The concept behind gene editing is that you can make very precise and controlled changes to genomes with the potential of curing a large number of diseases. CRISPR/Cas9 has allowed us to edit genes in a way that is cheaper, faster and arguably more efficient than the technologies that preceded it. It was also thought that CRISPR/Cas9 was very safe in that it would rarely go “off-script” and cause changes to DNA in other locations of the genome. However, a recent study by Schaefer et al. 2017 suggests CRISPR/Cas9 may introduce hundreds if not thousands of unintended changes to the genome.
Every genome editing technology will have some level of off-target effects where unwanted mutations are introduced. If the number of these mutations is low this is unlikely to be problematic. However, the higher the number the greater chance that these mutations could lead to cancer.
As CRISPR/Cas9 is guided by a short RNA sequence most off-target mutations are likely to occur in regions of DNA whose sequence closely resembles the target sequence. As such, most people using CRISPR use algorithms to predict where mutations are likely to occur and then they look at these specific regions for any unwanted alterations following genome editing procedures. This method is far easier and cheaper than looking at the whole genome.
Iyer et al. 2015 however used whole-genome sequencing in 2015, and reported that off-target mutations were rare in mice treated with CRISPR to delete parts of a specific gene. In this study, whole-genome sequencing was used to detect insertions or deletions in the genome and not single changes of the DNA from one base pair to another (e.g. A to G).
In the latest study by Schaefer et al. the team used whole-genome sequencing to detect both insertions and deletions together with single base changes. The group previously used CRISPR/Cas9 to repair a gene called Pde6b in mice which, when mutated causes blindness (Wu et al. 2016). In the present study, they used whole-genome sequencing to assess whether this treatment introduced any unwanted mutations.

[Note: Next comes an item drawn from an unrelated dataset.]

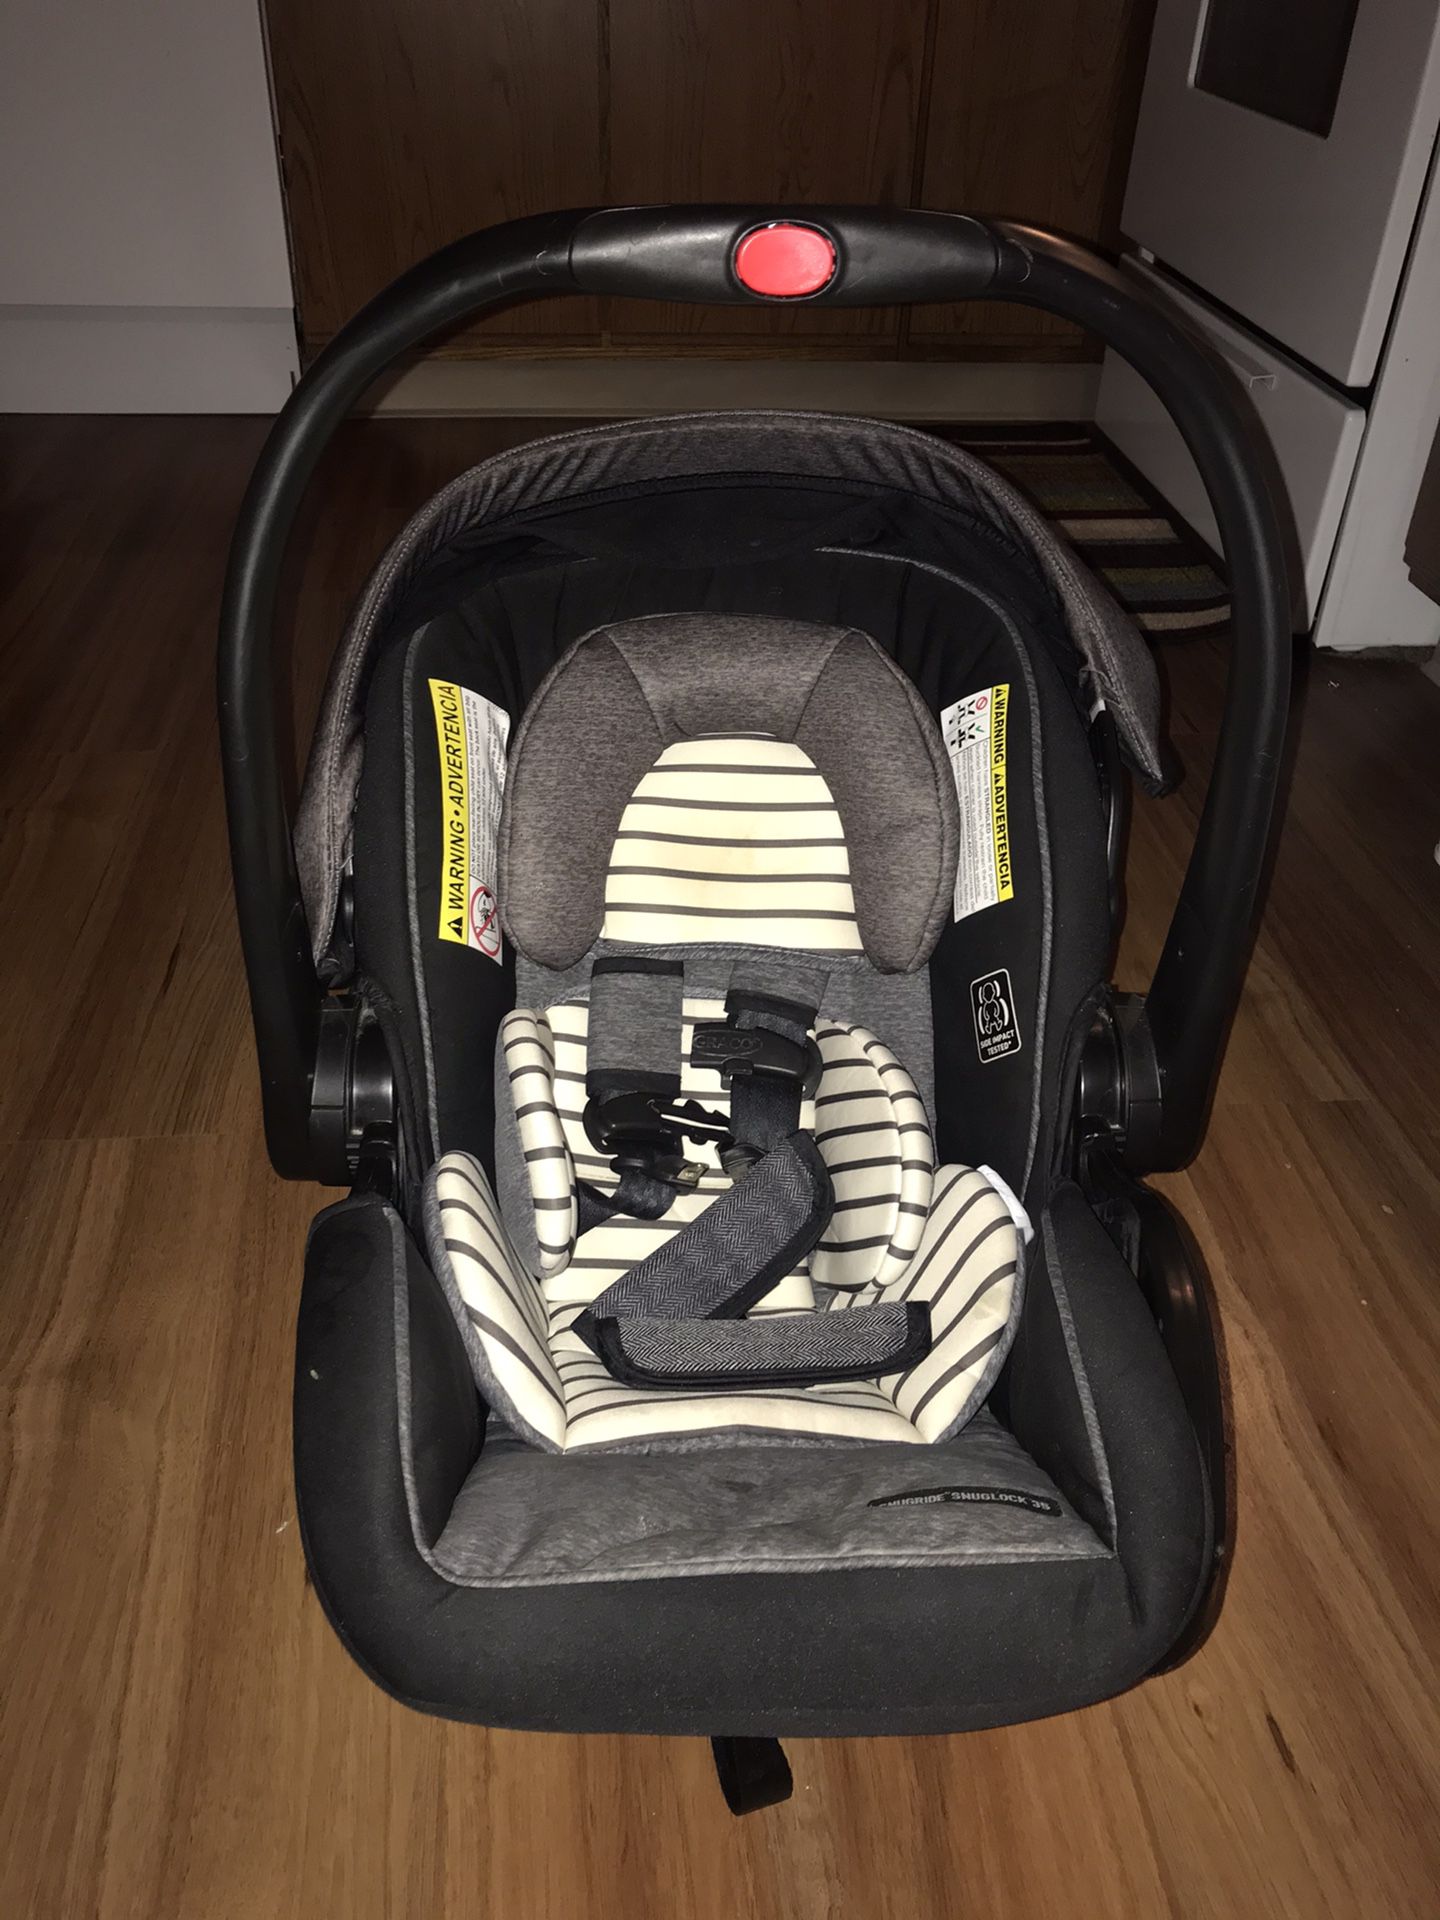 Graco Snugride Infant Car Seat
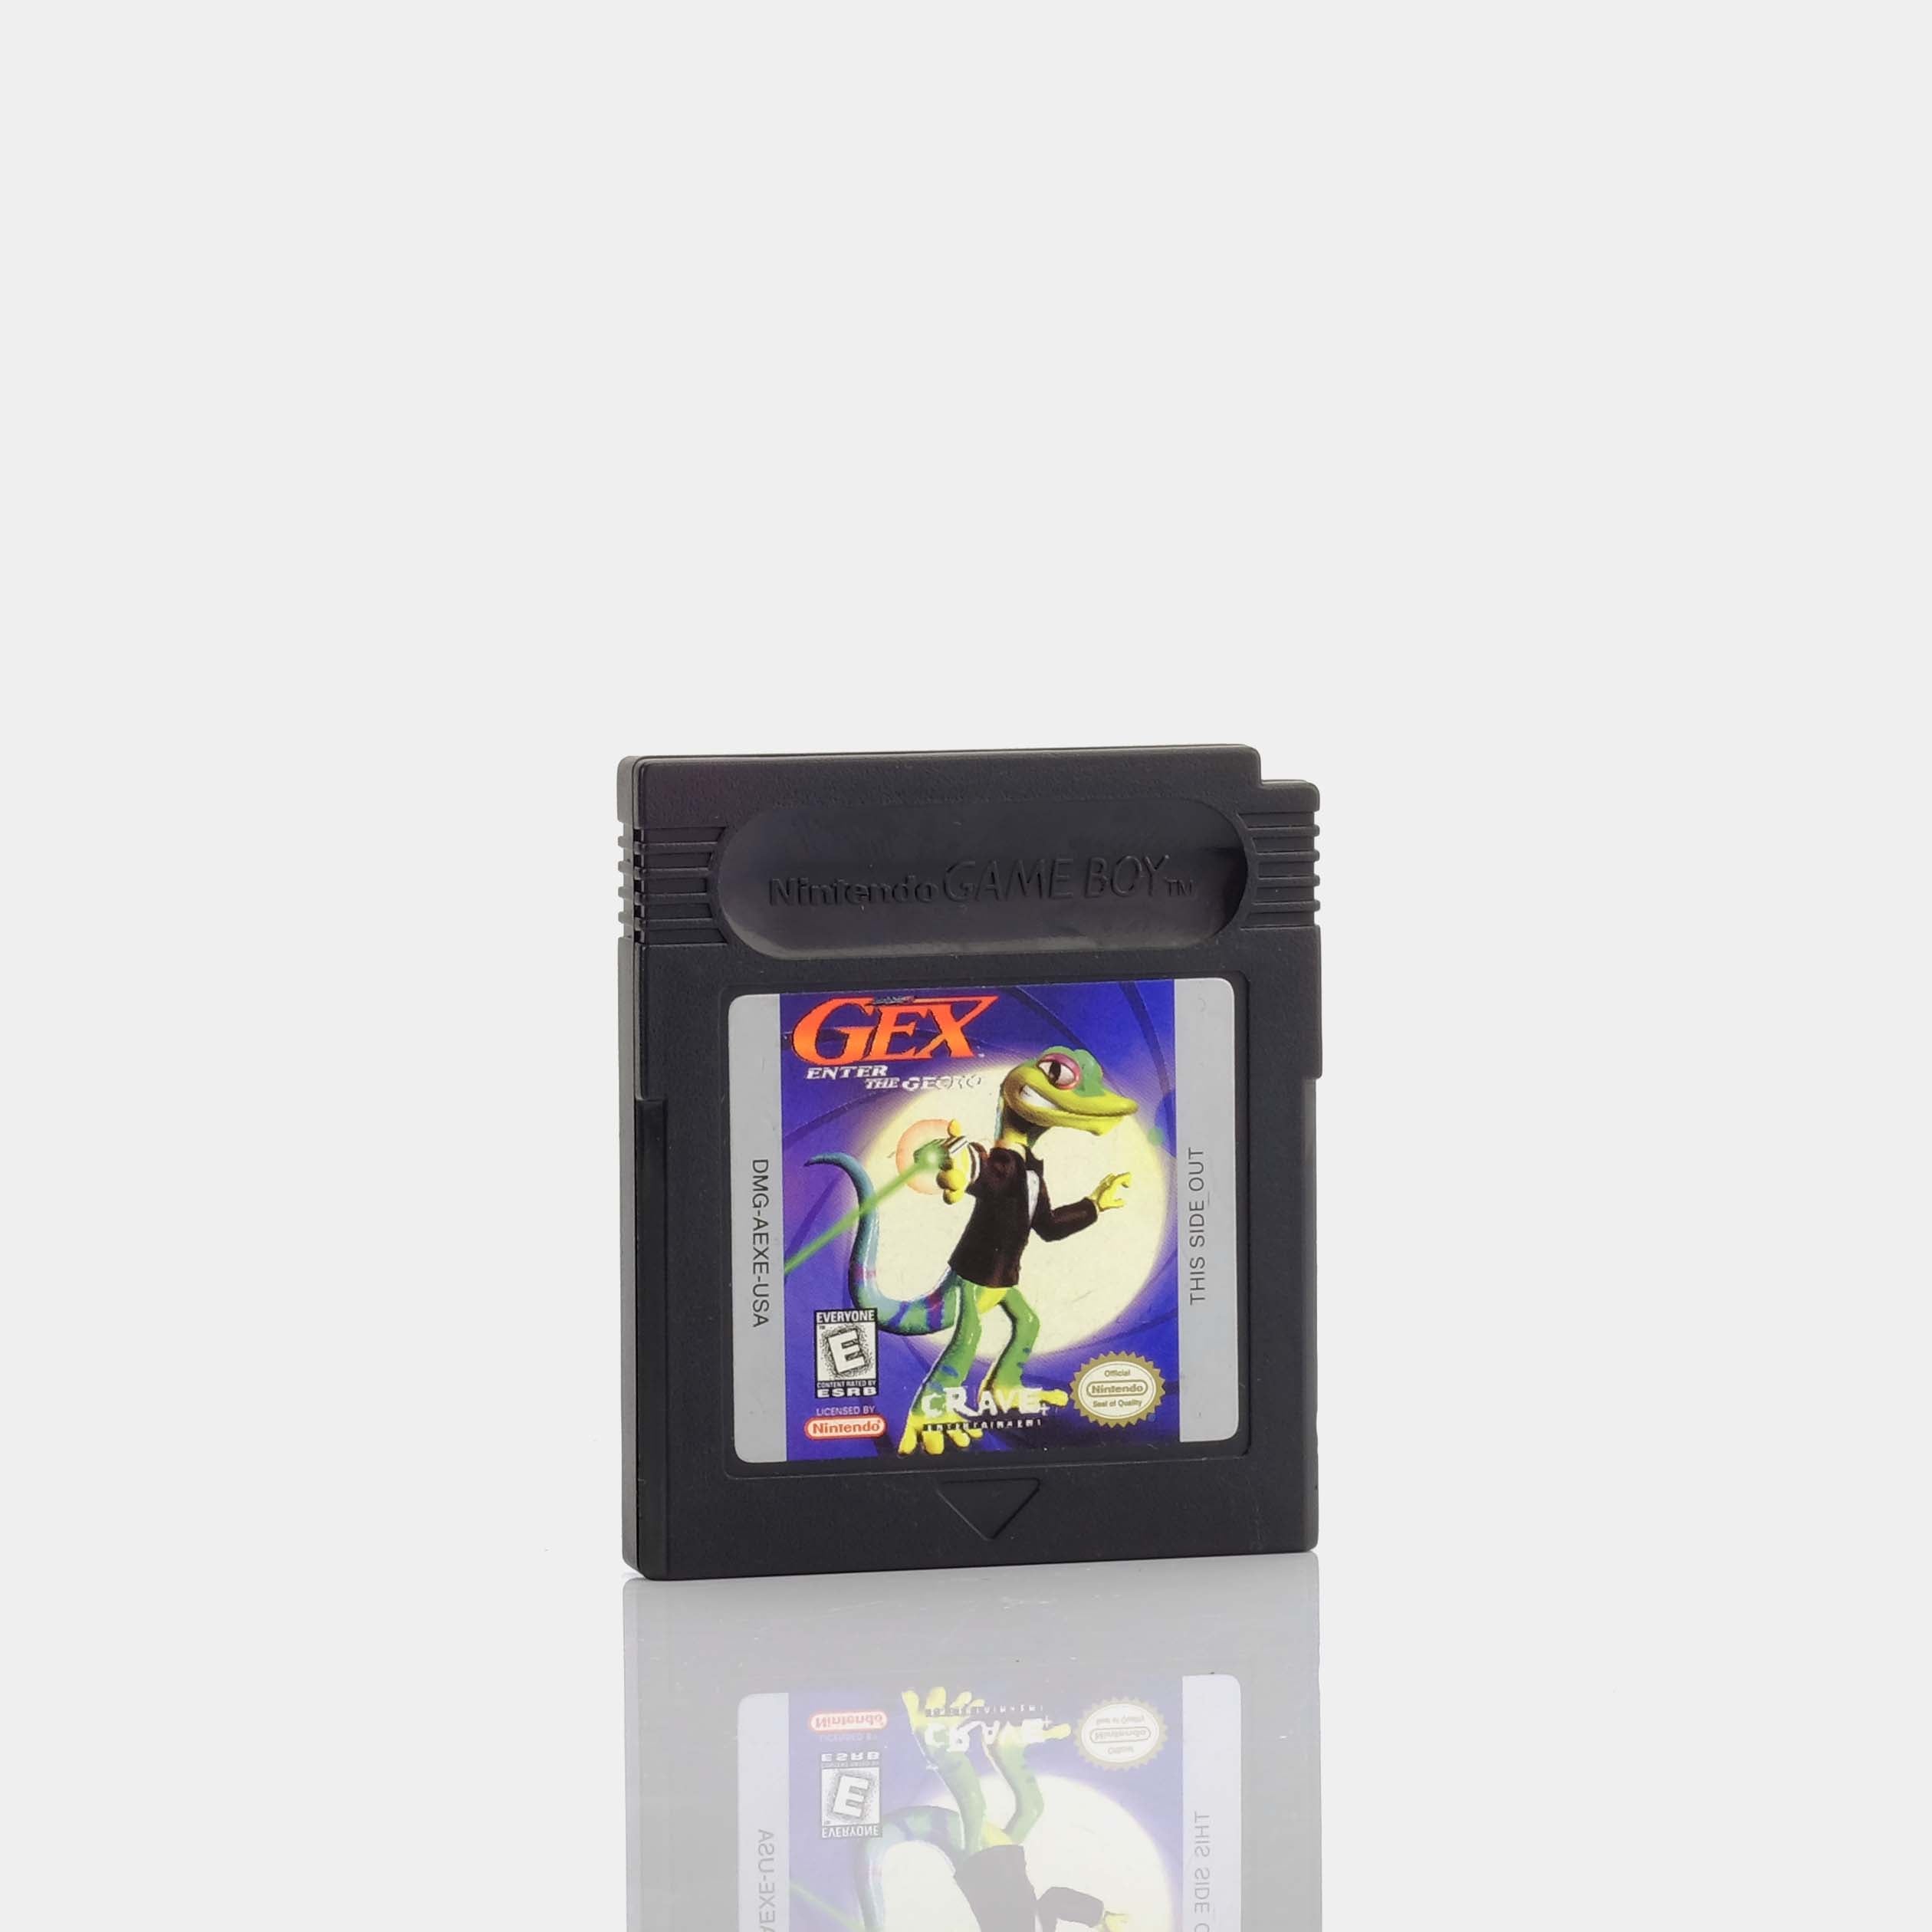 GEX: Enter The Gecko (1998) Game Boy Game

They report that mice treated with CRISPR had over 100 insertions or deletions (indel) to their DNA and over 1,500 instances were single base pair mutations were found which were not seen in untreated mice. Of concern, almost half of these mutations were associated with known genes and a small fraction were expected to impact on their function. Crucially, none of these mutations were predicted by the type of algorithms typically used to tell scientists where to look for mutations.
The results of this study by Schaefer et al. 2017 were so shocking that stock prices of Intellia Therapeutics and Editas took a hit upon the publication of the study. Both companies were set-up with the aim of turning CRISPR technology into a medicine.
Before dismissing CRISPR/Cas9 as a non-starter it is important to note that this is a single study in which only 2 mice were assessed. Also, CRISPR/Cas9 here was used to target a single gene using a single guide RNA meaning the high level of mutation rate could be a peculiar phenomenon specific to the guide RNA used and not CRISPR/Cas9 in general. These factors make it difficult to draw firm and general conclusions with regards to safety of CRISPR/Cas9.
Also, with the current study design it is difficult to pinpoint the CRISPR system as the cause of the mutations seen in the treated mice. We all develop mutations as our cells divide and mice are no different. Because of this, single base differences in our genomes are very common- these are known as single nucleotide polymorphisms and for the most part are not thought to be involved in disease. Given this natural variation we cannot be certain that the mutations reported in the treated mice were due to CRISPR/Cas9 and did not occur naturally. The ideal scenario would have been to sequence the genome of the same mice before and after CRISPR treatment.
Nevertheless, the number of mutations found in the CRISPR treated mice was substantially higher than would have been expected from natural variation and the single nucleotide changes seen in CRISPR treated mice were not seen in a large number of untreated mice whose genomes have been deposited in databases.
In conclusion, this new study has generated some unexpected results but is by no means going to spell the end of the CRISPR revolution underway in personalised medicine. Indeed stock prices of Intellia Therapeutics and Editas rapidly recovered. The key take home message from this study is that we need to proceed with caution and ensure whole-genome sequencing is the norm for assessing off-target mutation rates with each CRISPR/Cas9-guide RNA combination we use. The first clinical trial to employ CRISPR is already underway in China and one is planned to start in the U.S. next year with others no doubt to follow shortly after.
Iyer, V., et al. (2015). “Off-target mutations are rare in Cas9-modified mice.” Nat Methods 12(6): 479.
Schaefer, K. A., et al. (2017). “Unexpected mutations after CRISPR-Cas9 editing in vivo.” Nat Methods 14(6): 547-548.
Wu, W. H., et al. (2016). “CRISPR Repair Reveals Causative Mutation in a Preclinical Model of Retinitis Pigmentosa.” Mol Ther 24(8): 1388-1394.